A work in progess....
Proximal Policy Optimisation is a state-of-the-art reinforcement learning algorithm designed to allow gradient learning methods to be applied to situations where an 'intelligent' agent makes autonomous decisions in an environment. This permits a back-propogation of the environment's gradients through the network (effectively) after each decision.
This (theoretically) should speed up the learning process when compared to gradient-free methods, such as flight_sim_GNN, which suffer through a randomised exploration of the environment's reward manifold.
Is an ascii version of the classic Nokia mobile game, playable in the command line using keyboard controls, that captures screen and keypress datastreams. Intended for a supervised learning project, that was abandoned after realising that I didn't want to spend hours playing it to create the data. Hence...
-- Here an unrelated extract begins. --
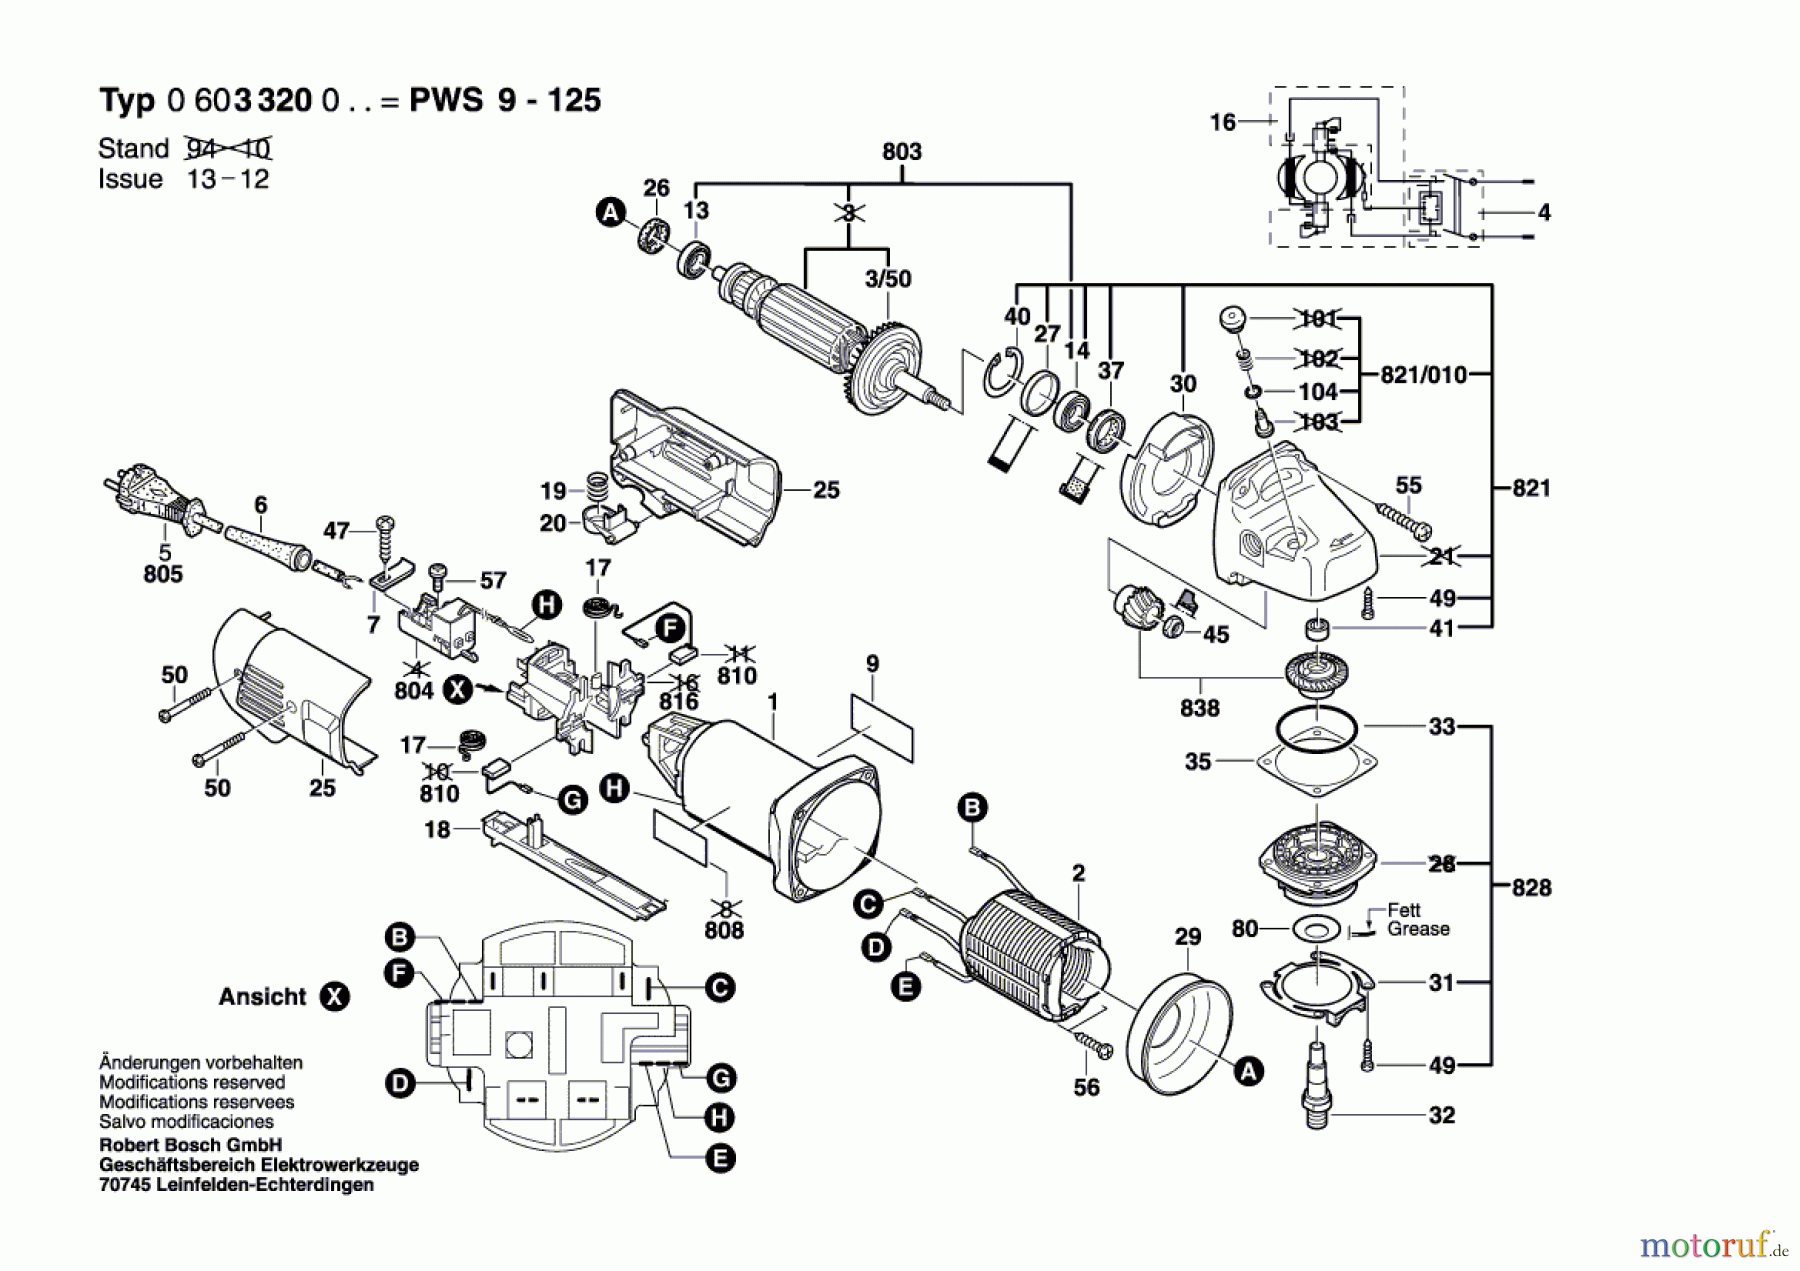  Bosch Werkzeug Winkelschleifer PWS 9-125 Seite 1

Deprecates the data capture, and transforms the output into a RGB image array, and uses PyGame to generate a more attractive display window.
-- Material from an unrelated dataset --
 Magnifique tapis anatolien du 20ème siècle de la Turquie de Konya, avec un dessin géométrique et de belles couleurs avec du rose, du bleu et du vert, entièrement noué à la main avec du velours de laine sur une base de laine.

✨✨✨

Refactors the game into a Gymnasium Environment() to simplify integration with reinforcement learning algorithms.
Initialises a convolutional neural network that learns how to use the control inputs, based on its interpretation the RGB screen array.
Customise CNN policy to suit smaller screen.- Integrate with 'Weights And Biases' or Tensorboard to aid with determining proper hyperparameters
- Capture PyGame screens to show learning progress over many epochs.